Milestones06 March 2012
Death is at your doorstep. It will steal your innocence but it will not steal your substance. Mumford & Sons, Timshel
It's the time of year again, the time that always catches me by surprise. Amidst the business of the summer season and the gratefulness of everything we have, the end of February ushers in a sense of sadness along with the progressively darker mornings . The subconscious build-up to our ordinary existence being shattered into a million pieces, the theft of our innocence. It's nearly 2 years now.

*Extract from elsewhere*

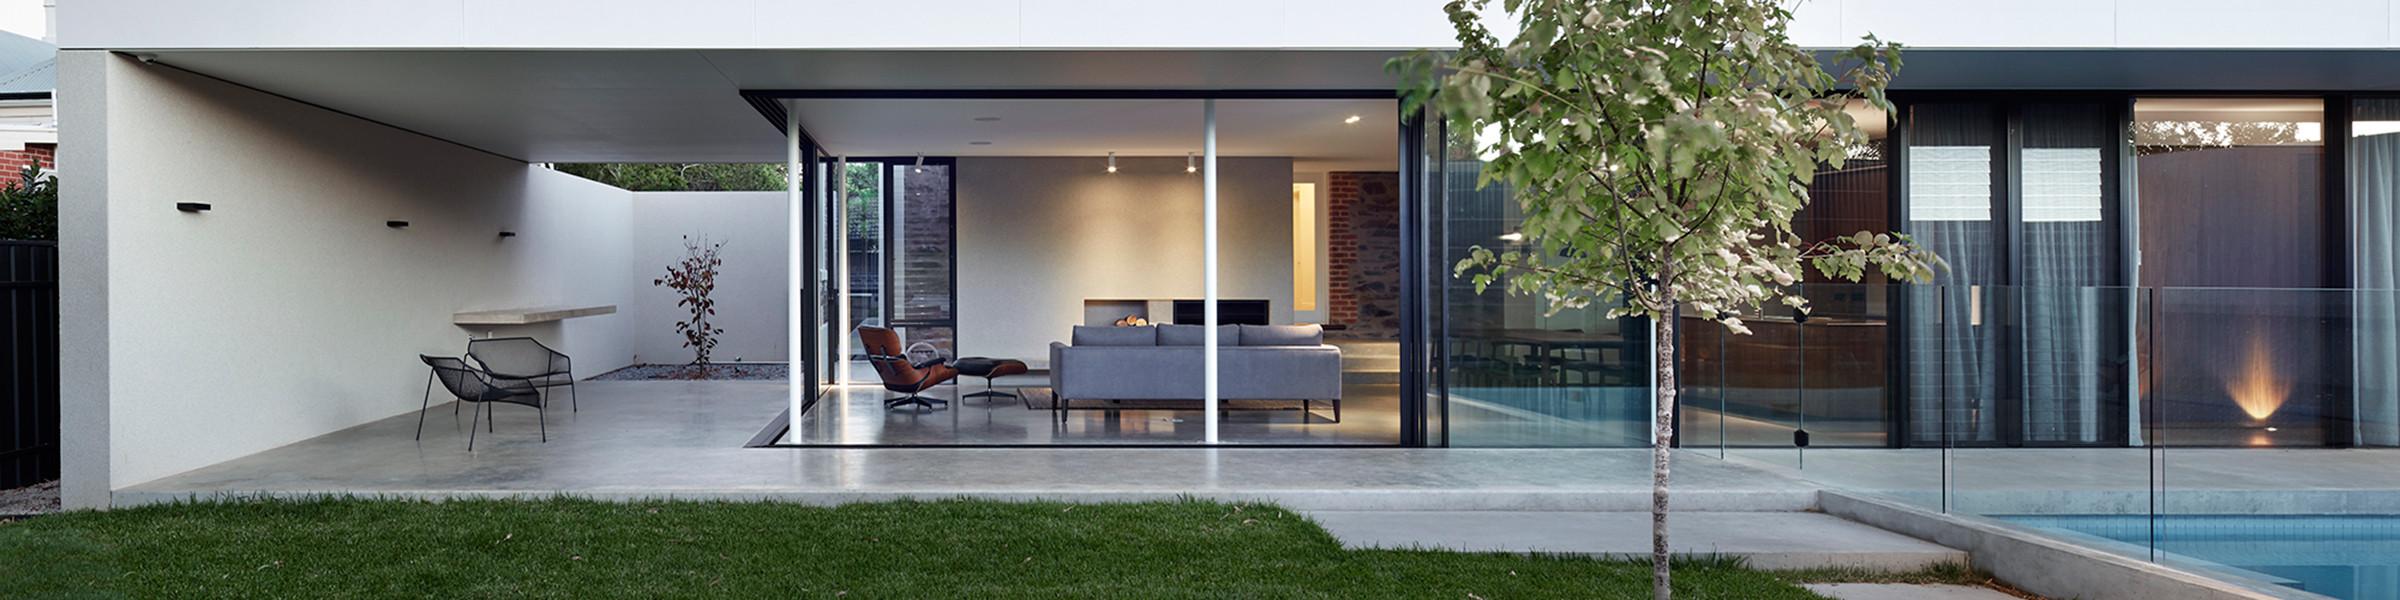 Habitusliving | Residential Architecture U0026 Design In Australia Asia Pacific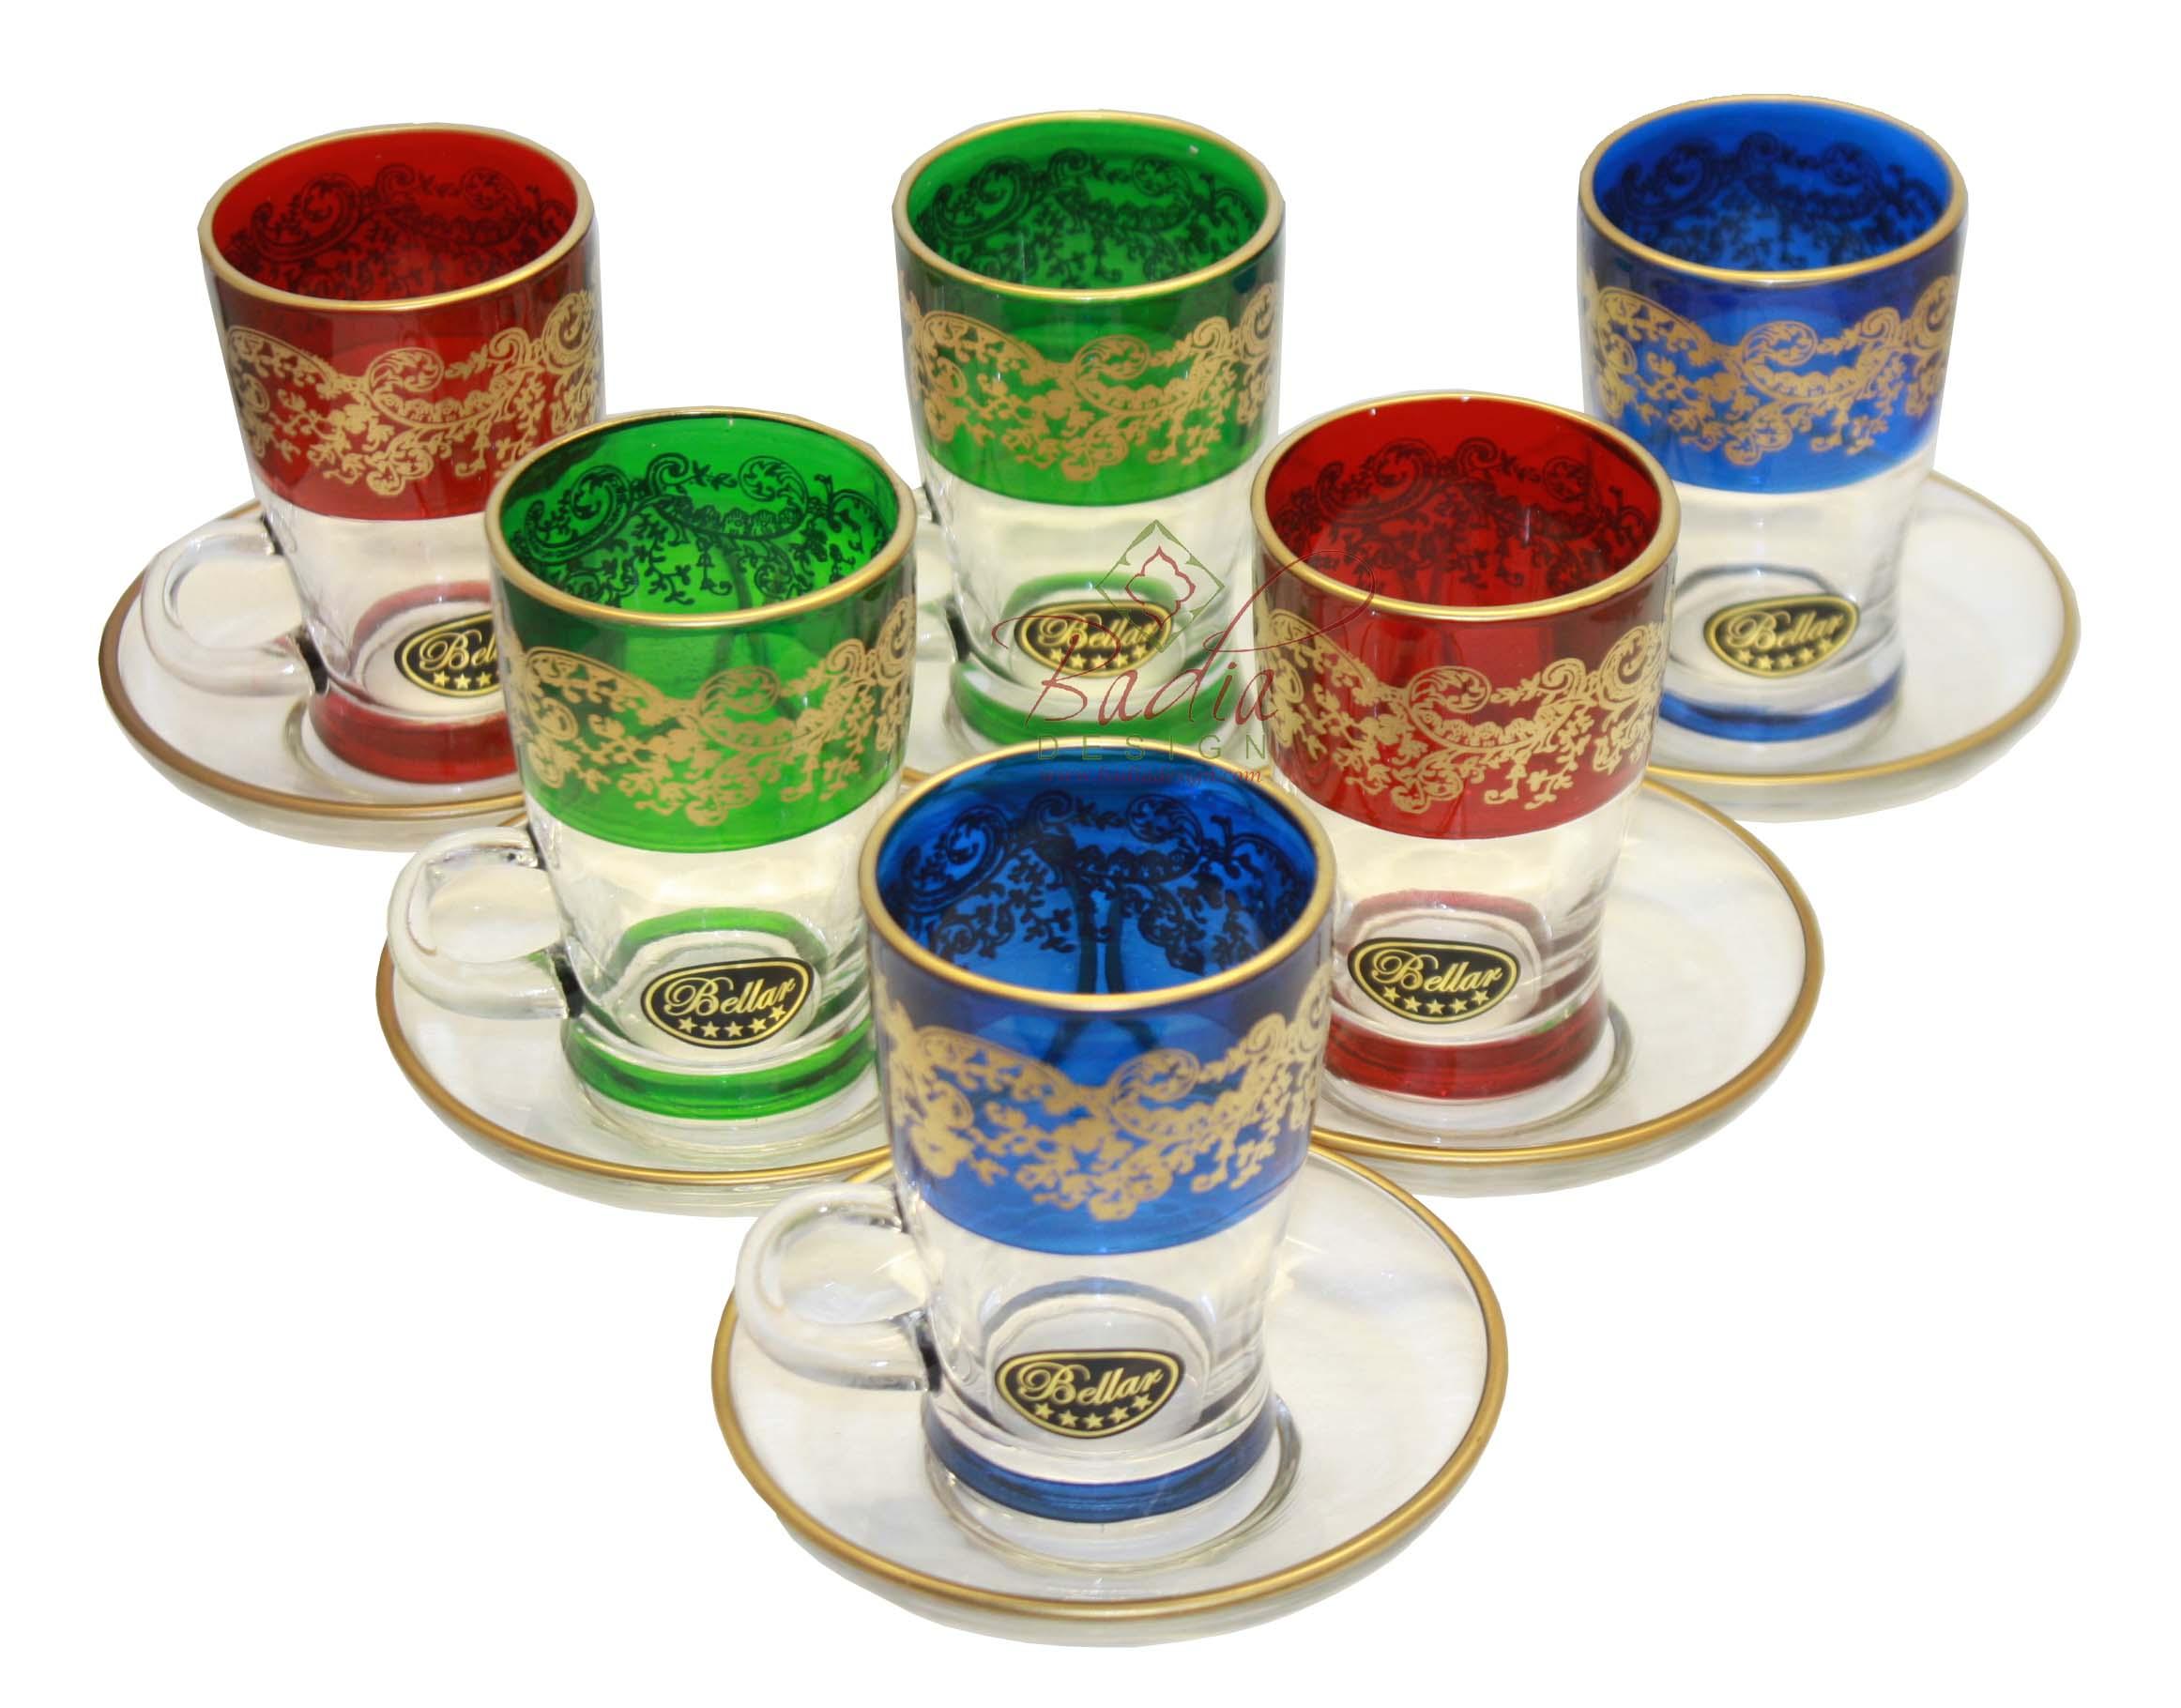 tea-cup-set-with-saucer-cg1002-26-1.jpg

This year, there are so many more reminders - mainly through your sister who is at a very similar phase to where you were when you left us. We go to similar places, listen to similar songs and have a similar routine to what yours was. Looking at her and knowing how much of our heart-territory she occupies, it seems incomprehensible that we lost something so precious to us - and survived. How could something so warm, squishy, adorable and full of such exuberant and expressive life suddenly be rendered into a hard cold shell without us even having one tiny iota of foresight? No warning, no preparation, no reason, no going back. The disbelief will always be there.
But somehow the blind panic and gut-wrenching agony have subsided and made place for a depth and beauty and relief that is present in sadness. The days of missing you are less lately and in many ways it is comforting to ache for you with all my being and know that you were very real for too short a time and that the love we have for you existed so strongly and still exists. It somehow makes the impossibility of what happened more real.
I haven't gone through your pictures for a while. This one was taken when you were 3 months old and so new and tiny and emerging as a little person. Amidst the sleep deprivation I remember feeling so content and complete. I look at this now and see such innocence. I guess now we have more substance.